» Requirement: From the line that contains "unicef Archives - U.S." through the line that contains "Snows is scattered", output every line of the listing below exactly and leave out all the rest.

» Data for the task:
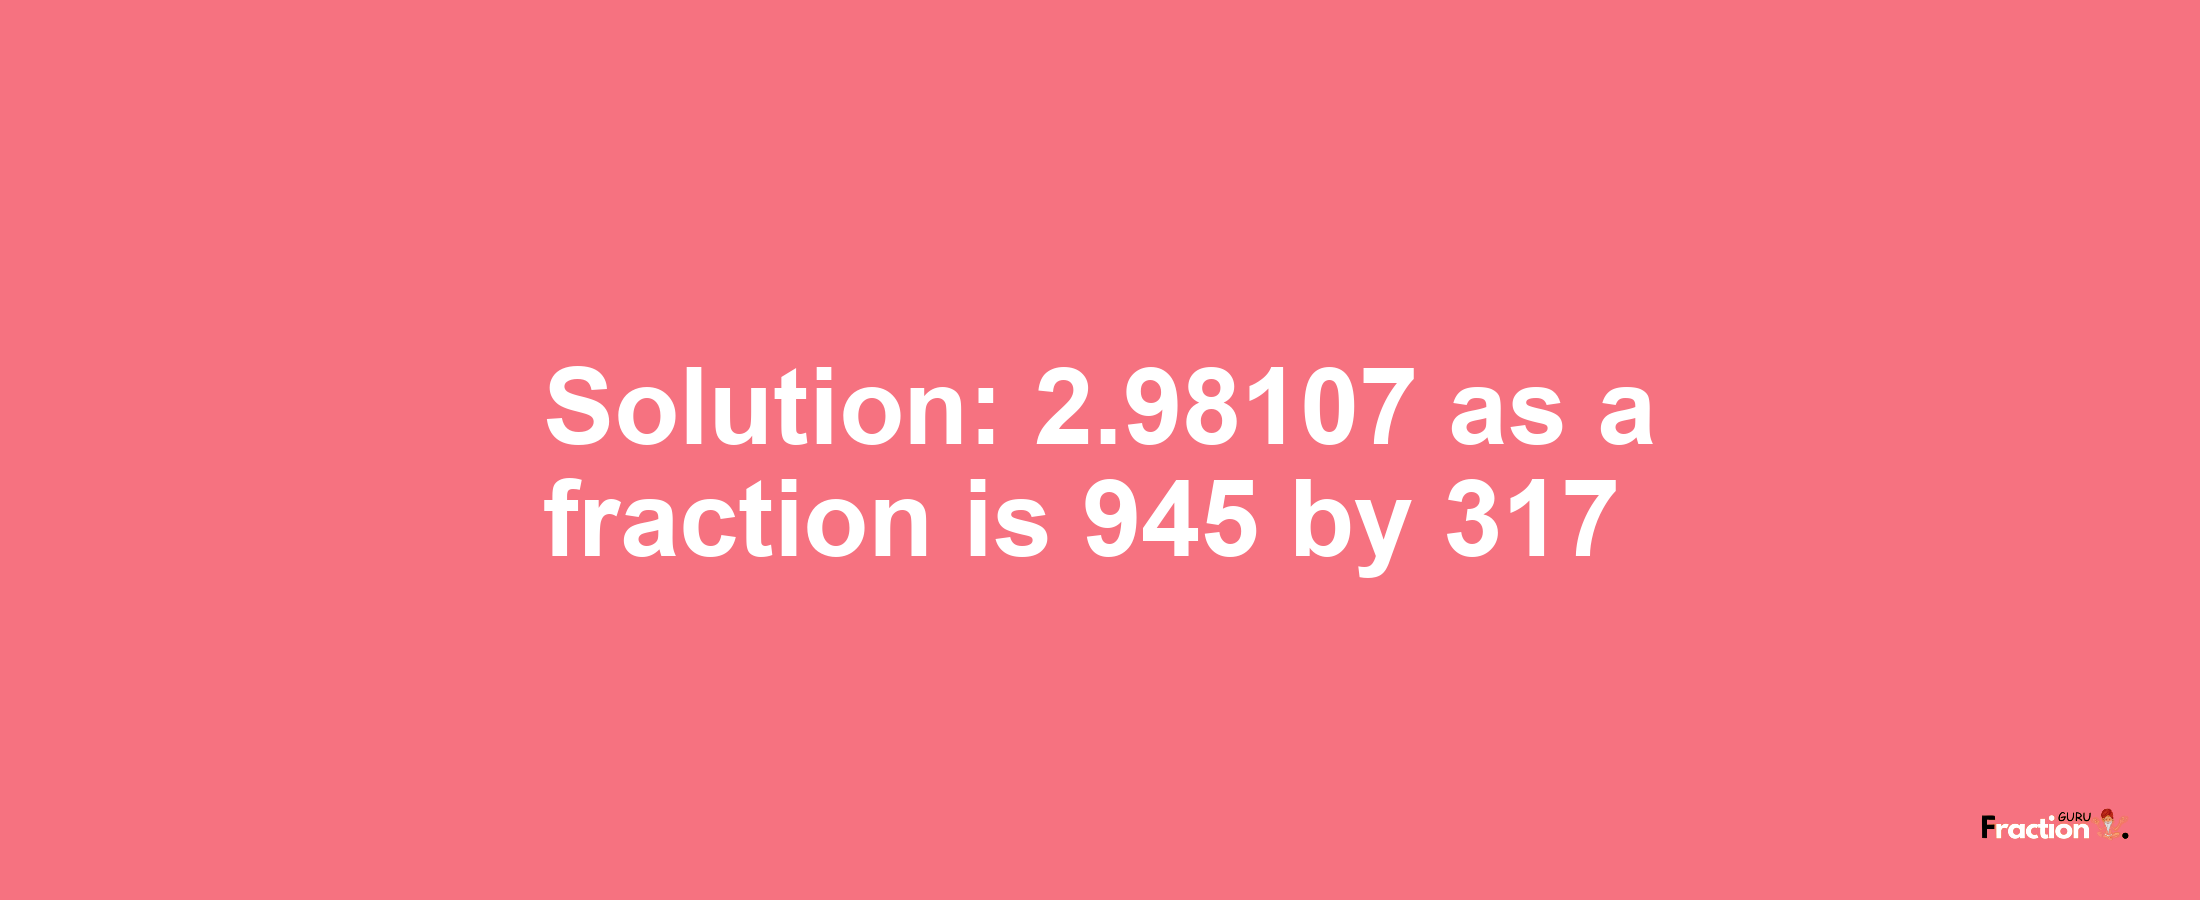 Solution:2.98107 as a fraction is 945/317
==
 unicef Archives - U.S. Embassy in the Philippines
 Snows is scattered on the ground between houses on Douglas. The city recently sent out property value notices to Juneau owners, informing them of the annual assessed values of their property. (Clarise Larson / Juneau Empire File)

» Expected output:
 unicef Archives - U.S. Embassy in the Philippines
 Snows is scattered on the ground between houses on Douglas. The city recently sent out property value notices to Juneau owners, informing them of the annual assessed values of their property. (Clarise Larson / Juneau Empire File)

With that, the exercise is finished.